[clang-tools-extra] r345113 - [clangd] Truncate SymbolID to 16 bytes.
Sam McCall via cfe-commits
cfe-commits at lists.llvm.org
Tue Oct 23 23:58:42 PDT 2018
Author: sammccall
Date: Tue Oct 23 23:58:42 2018
New Revision: 345113
URL: http://llvm.org/viewvc/llvm-project?rev=345113&view=rev
Log:
[clangd] Truncate SymbolID to 16 bytes.
Summary:
The goal is 8 bytes, which has a nonzero risk of collisions with huge indexes.
This patch should shake out any issues with truncation at all, we can lower
further later.
Reviewers: ioeric
Subscribers: ilya-biryukov, MaskRay, jkorous, arphaman, kadircet, cfe-commits
Differential Revision: https://reviews.llvm.org/D53587
Modified:
clang-tools-extra/trunk/clangd/index/Index.cpp
clang-tools-extra/trunk/clangd/index/Index.h
clang-tools-extra/trunk/clangd/index/Serialization.cpp
clang-tools-extra/trunk/unittests/clangd/SerializationTests.cpp
Modified: clang-tools-extra/trunk/clangd/index/Index.cpp
URL: http://llvm.org/viewvc/llvm-project/clang-tools-extra/trunk/clangd/index/Index.cpp?rev=345113&r1=345112&r2=345113&view=diff
==============================================================================
--- clang-tools-extra/trunk/clangd/index/Index.cpp (original)
+++ clang-tools-extra/trunk/clangd/index/Index.cpp Tue Oct 23 23:58:42 2018
@@ -43,8 +43,11 @@ raw_ostream &operator<<(raw_ostream &OS,
<< "-" << L.End.line() << ":" << L.End.column() << ")";
}
-SymbolID::SymbolID(StringRef USR)
- : HashValue(SHA1::hash(arrayRefFromStringRef(USR))) {}
+SymbolID::SymbolID(StringRef USR) {
+ auto Hash = SHA1::hash(arrayRefFromStringRef(USR));
+ static_assert(sizeof(Hash) >= RawSize, "RawSize larger than SHA1");
+ memcpy(HashValue.data(), Hash.data(), RawSize);
+}
raw_ostream &operator<<(raw_ostream &OS, const SymbolID &ID) {
return OS << toHex(ID.raw());
Modified: clang-tools-extra/trunk/clangd/index/Index.h
URL: http://llvm.org/viewvc/llvm-project/clang-tools-extra/trunk/clangd/index/Index.h?rev=345113&r1=345112&r2=345113&view=diff
==============================================================================
--- clang-tools-extra/trunk/clangd/index/Index.h (original)

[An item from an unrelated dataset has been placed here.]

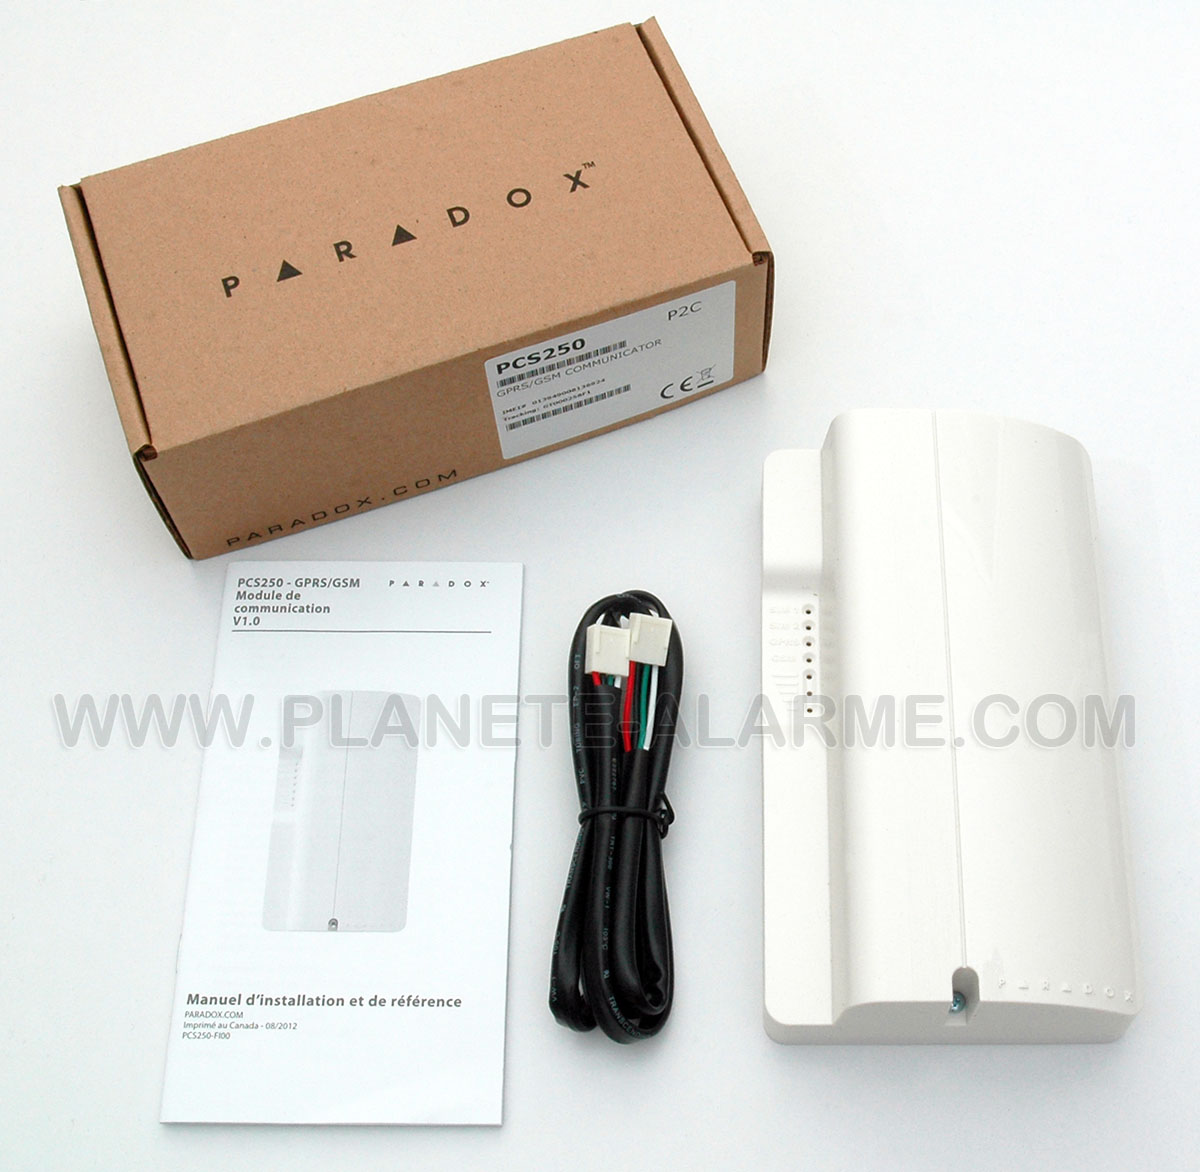 Contenu du pack Paradox PCS250 GSM / GPRS

+++ clang-tools-extra/trunk/clangd/index/Index.h Tue Oct 23 23:58:42 2018
@@ -89,7 +89,7 @@ llvm::raw_ostream &operator<<(llvm::raw_
// The class identifies a particular C++ symbol (class, function, method, etc).
//
// As USRs (Unified Symbol Resolution) could be large, especially for functions
-// with long type arguments, SymbolID is using 160-bits SHA1(USR) values to
+// with long type arguments, SymbolID is using truncated SHA1(USR) values to
// guarantee the uniqueness of symbols while using a relatively small amount of
// memory (vs storing USRs directly).
//
@@ -106,13 +106,16 @@ public:
return HashValue < Sym.HashValue;
}
- constexpr static size_t RawSize = 20;
+ // The stored hash is truncated to RawSize bytes.

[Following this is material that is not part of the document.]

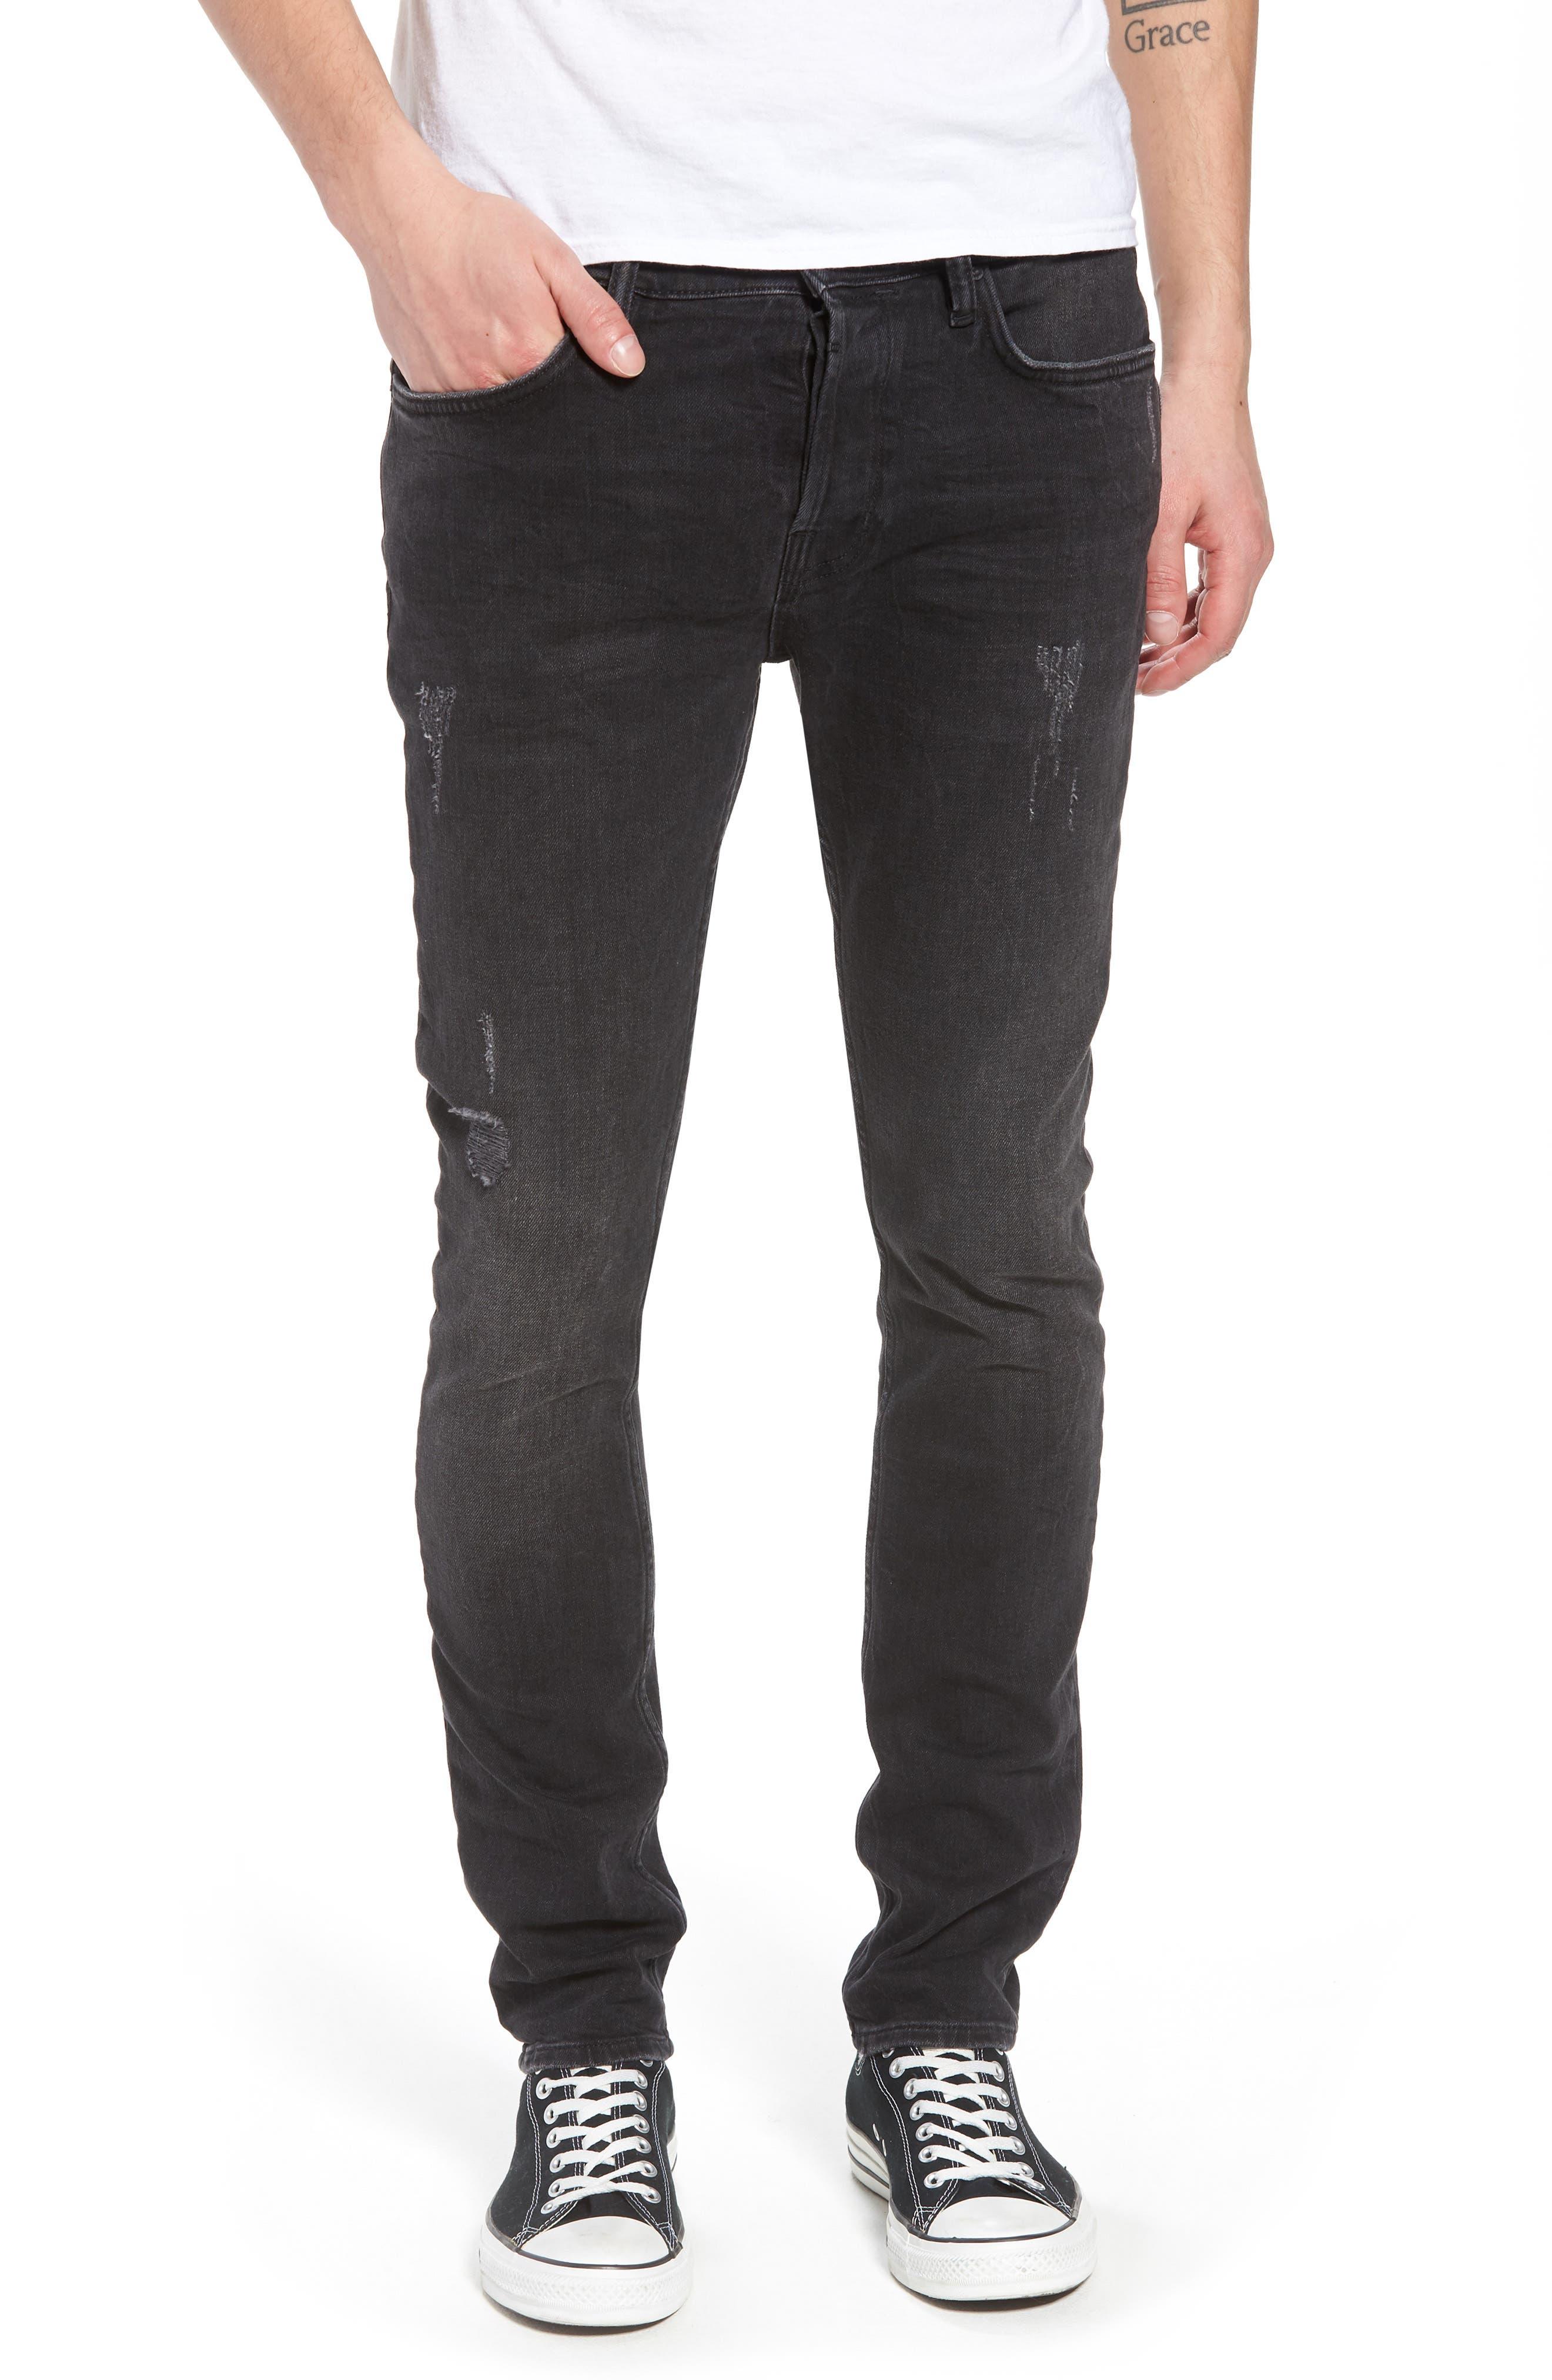 Raveline Skinny Fit Jeans,                             Main thumbnail 1, color,                             001

+ // This trades off memory against the number of symbols we can handle.
+ // FIXME: can we reduce this further to 8 bytes?
+ constexpr static size_t RawSize = 16;
llvm::StringRef raw() const {
return StringRef(reinterpret_cast<const char *>(HashValue.data()), RawSize);
}
static SymbolID fromRaw(llvm::StringRef);
- // Returns a 40-bytes hex encoded string.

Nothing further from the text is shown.